Что касается продвинутых классов, они не могут выбирать опцию политического протеста, потому что это опасно. Когда страна не приемлет никакой дестабилизации, а появление человека в Костроме от ПАРНАСа [в сентябре 2015 года в Костроме от Демократической коалиции на выборах в местный парламент баллотировался Илья Яшин] вызывает отторжение — зачем ты воду мутишь, мы сейчас проголосуем за «Единую Россию», и нам что-то обломится — продвинутым классам не понятно, как себя вести. В экономическом смысле они встраиваются в стратегию выживания. В политическом смысле они находятся на кухнях или в клубах, если в каких-то городах это позволяется. Многие начинают заниматься гражданским активизмом, что тоже затруднительно в этих политических условиях. На самом деле это выжидание и подготовка к чему-то.

— Надо быть реалистами и понимать, что ближайшие год-полтора экономическая ситуация сильно не изменится. Для того, чтобы компенсировать потери в экономике, когда люди ничего достойного не видят в своих кошельках, нужно объяснять, ради чего они терпят лишения. Поэтому ставки должны повышаться, чтобы она могла перекрыть то, что они уже съели. Вы ожидаете, что режим в 2016–2017 годах выберет новую жертву — страну, группу людей, придумает что-то еще?

На мой взгляд, взгляд умеренно пессимистический, путинские элиты действительно должны повышать ставки и продолжать линейку «Крым — Донбасс — Турция — Сирия». Где ее продолжать, я не очень понимаю. Они этого тоже не понимают. Они могут пойти по пути борьбы с пятой колонной и усилению репрессий, по пути дальнейшего поиска врагов и предъявления этих врагов внутренней голосующей аудитории. Альтернатива — демократизация и ослабление экономического пресса. Я уверен, на это никто не пойдет. Не будет этого. Поэтому базовый сценарий — примерно с таким же уровнем репрессий и, может быть, их усилением.

Сценарий дальнейшего поиска врага в лице Запада и пятой колонны здесь, новой войны или квазивойны логичен, потому что предъявить нечего.

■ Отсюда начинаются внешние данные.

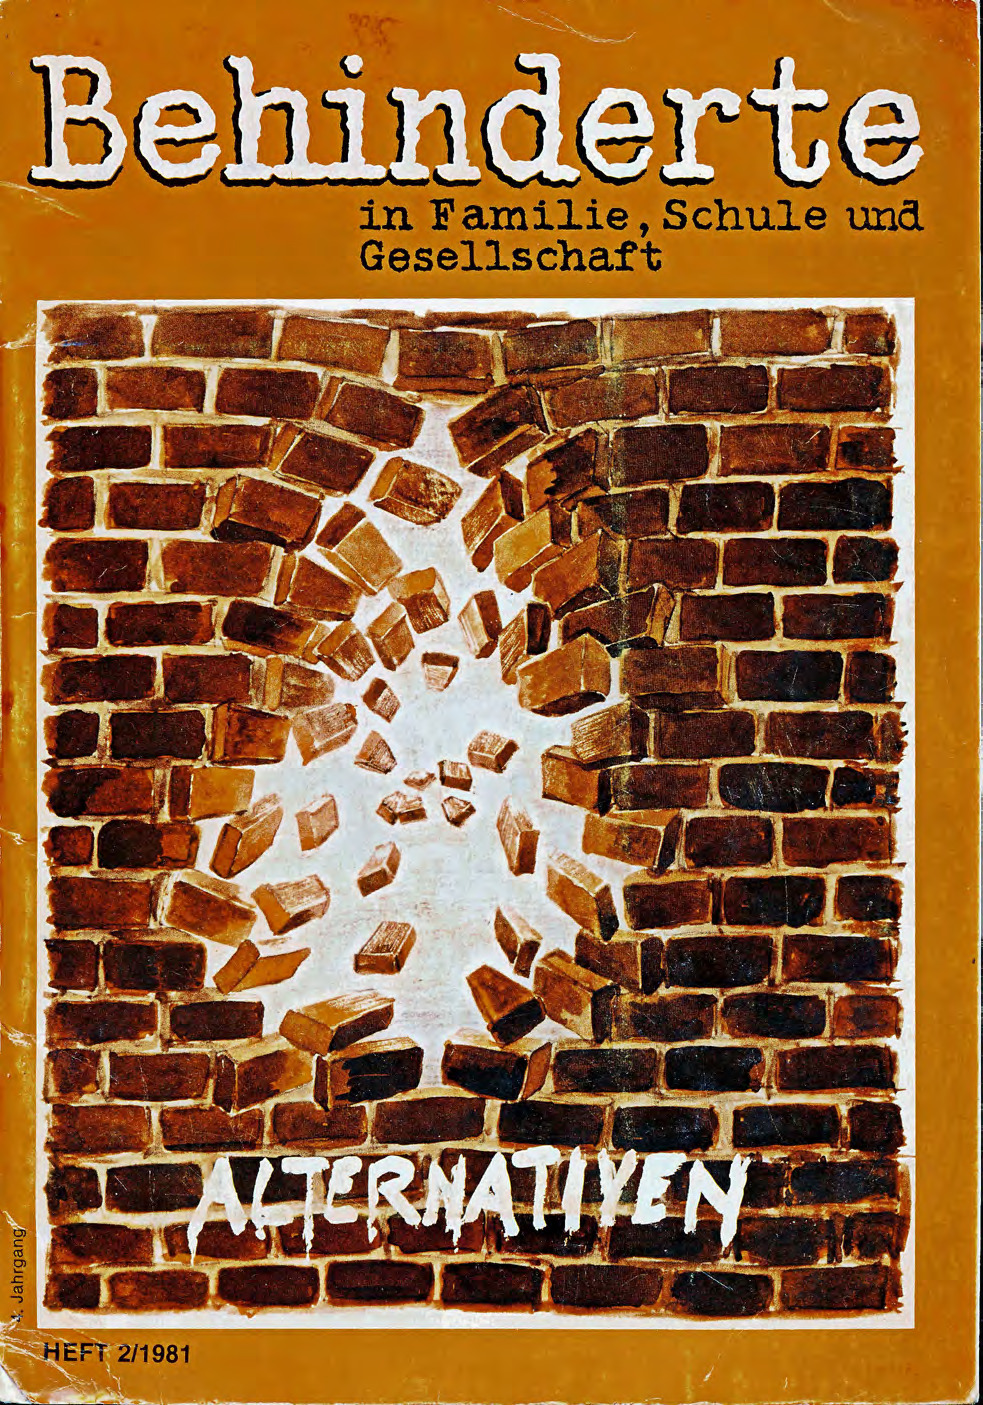 Titelbild der Zeitschrift BEHINDERTE MENSCHEN, Ausgabe 2/1981 "Alternativen"

Чувство великой державы предъявили, а главная заслуга Путина, согласно социологическим опросам, — это Крым. Все время нужно замещать отсутствие продуктов в холодильнике чем-то. Я думаю, что все политические раздумья будут посвящены именно этому в преддверии выборов. В отсутствие других инструментов мобилизации электората возникает угроза усиления репрессий.

Хотят ли россияне реальной войны?

— Судя по фокус-группам — не хотят. Они не оценивают происходящее как войну. Люди не готовы к реальным жертвам, люди не готовы воевать, не готовы к массовому кровопролитию, не хотят второго Афганистана. 

С количественными исследованиями сложнее. Как было с Сирией? Сначала люди говорили до начала бомбардировок Сирии в сентябре о том, что надо помогать политически, а военное участие поддерживали слабо. Как только начались бомбардировки, процент поддерживающих военную операцию резко вырос. Наверное, переключается массовое сознание, и есть риск того, что люди захотят войны. На фоне кризиса происходит маргинализация, у многих появляются более воинственные настроения. Это моменты опасные и мало предсказуемые.

С другой стороны, как развивались события с Донбассом? Сначала все видят эту войну и не считают, что там наши погибают. И одобряют ее. Но дальше начинается момент осознания того, что наши там есть и они гибнут. Если бы у людей напрямую спрашивали о том, готовы ли они, чтобы там гибли наши мальчики, то они сказали бы нет. Да, готовы скрывать потери, потому что не хотят дестабилизировать общую ситуацию. Но едва ли готовы посылать туда своих детей. Но я бы не взялся предсказывать, какое будет общественное мнение, если начнется война государства с государством.